**Data block:**
+ + +
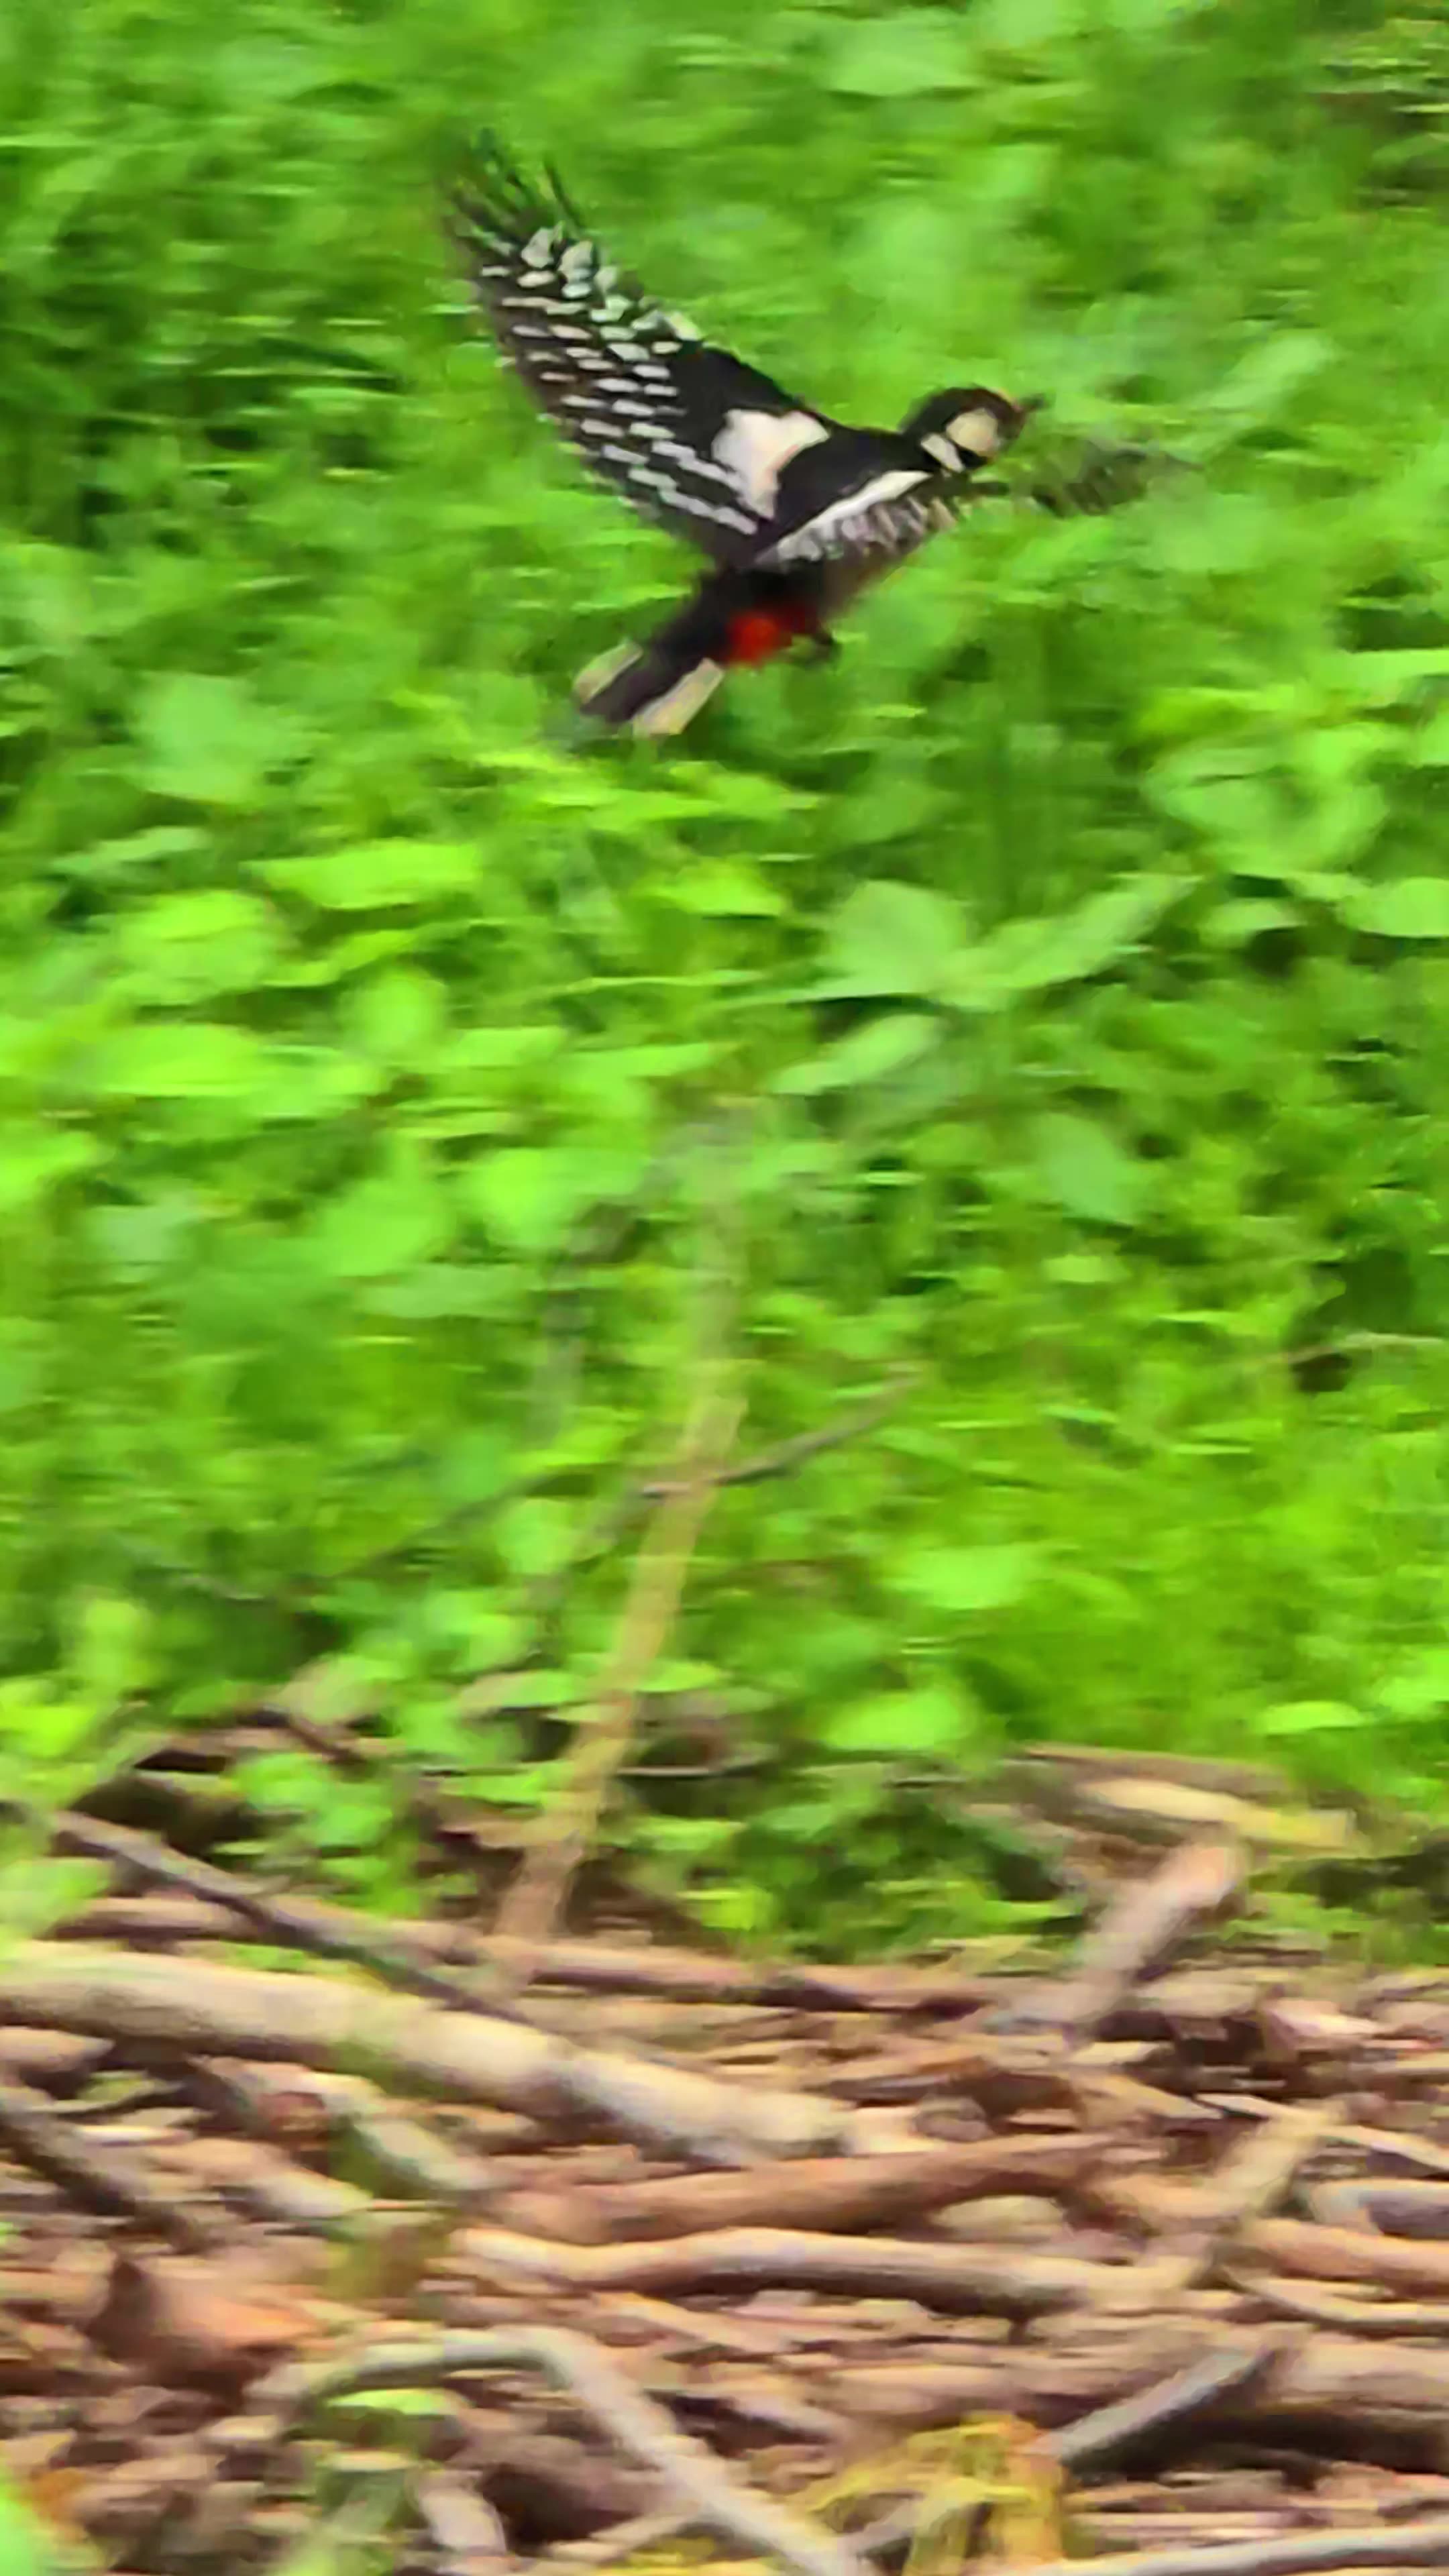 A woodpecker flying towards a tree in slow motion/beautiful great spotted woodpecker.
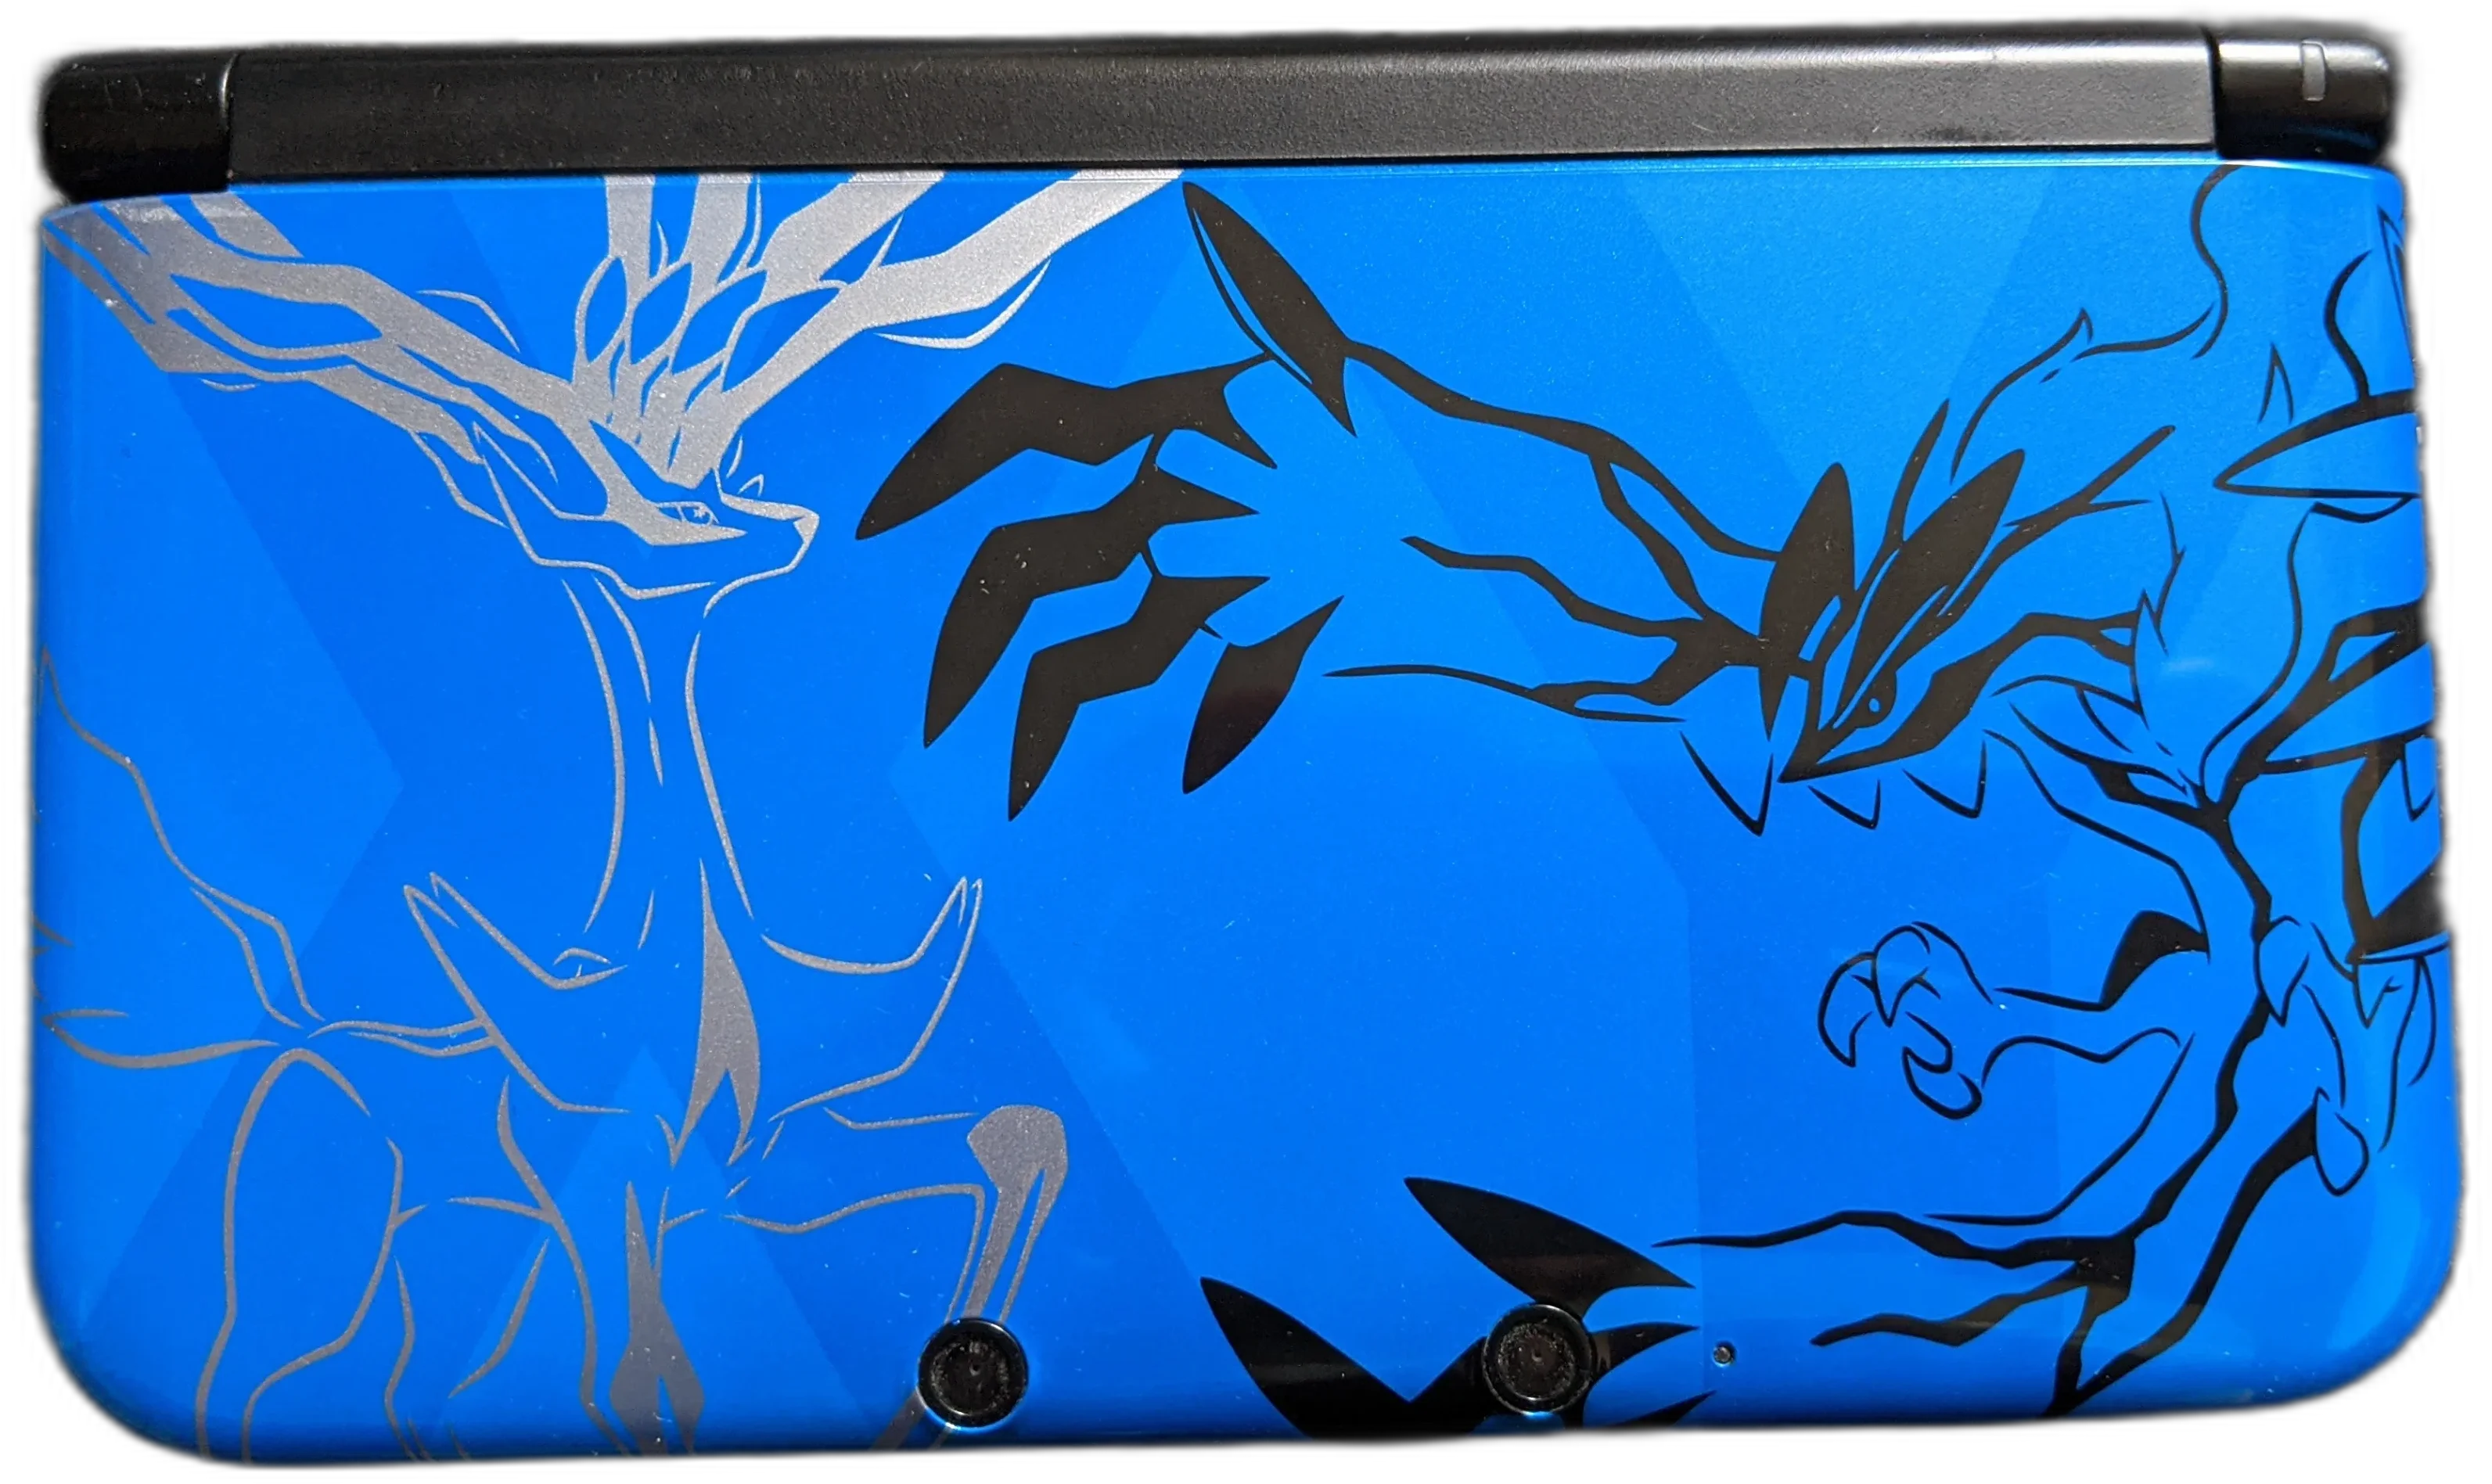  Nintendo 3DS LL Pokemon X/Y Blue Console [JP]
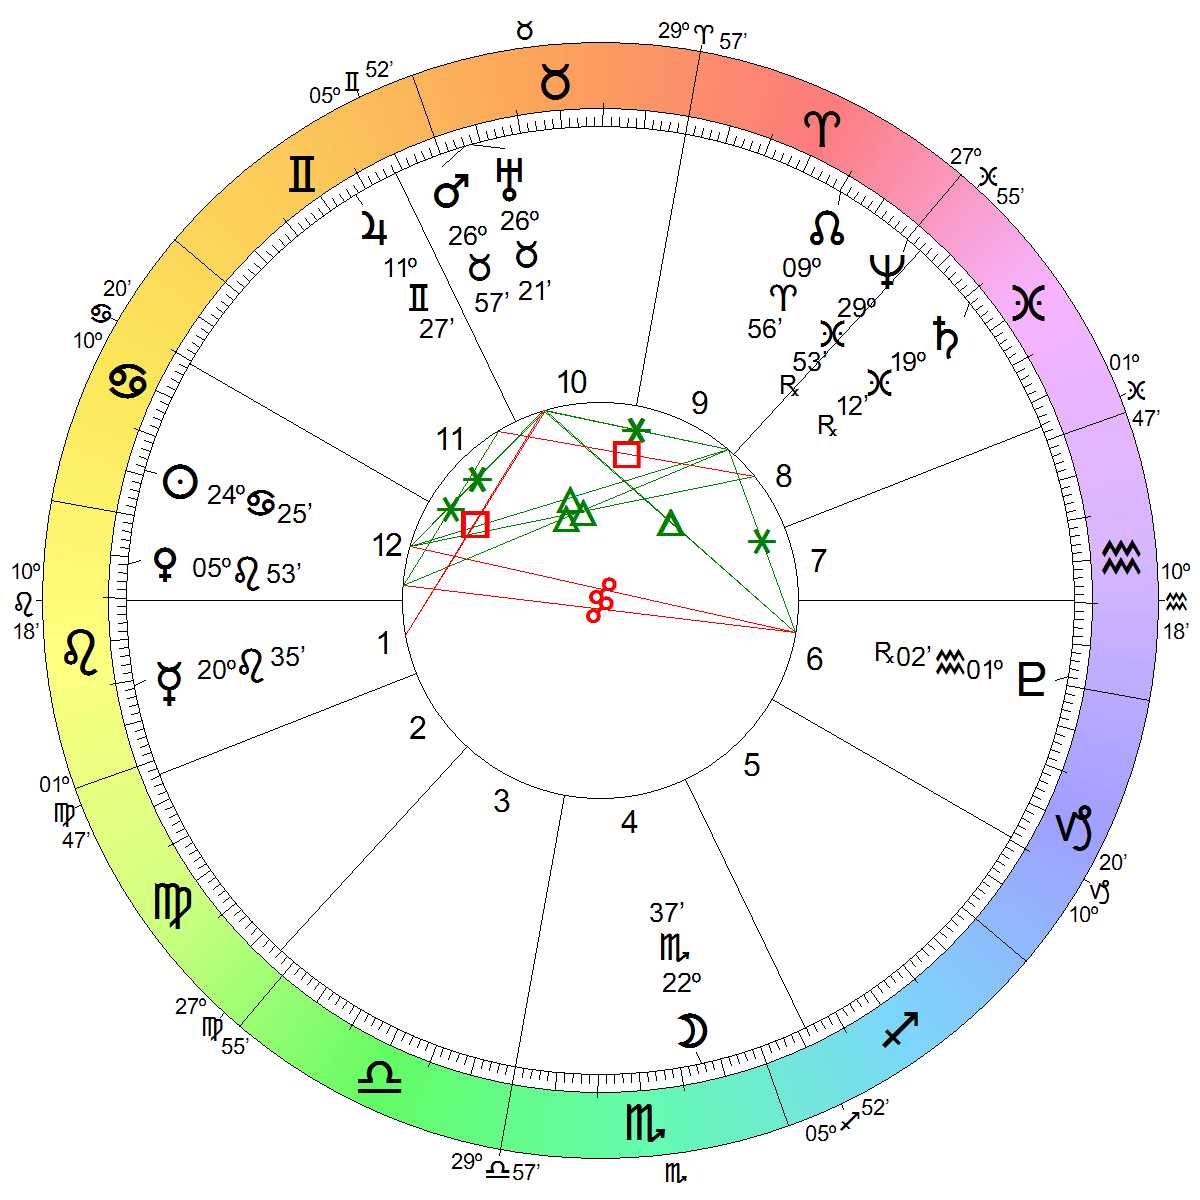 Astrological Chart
+ + +
**Task brief:** Transcribe the listing in full and omit the pictures.

**Expected answer:**
 A woodpecker flying towards a tree in slow motion/beautiful great spotted woodpecker.
  Nintendo 3DS LL Pokemon X/Y Blue Console [JP]
 Astrological Chart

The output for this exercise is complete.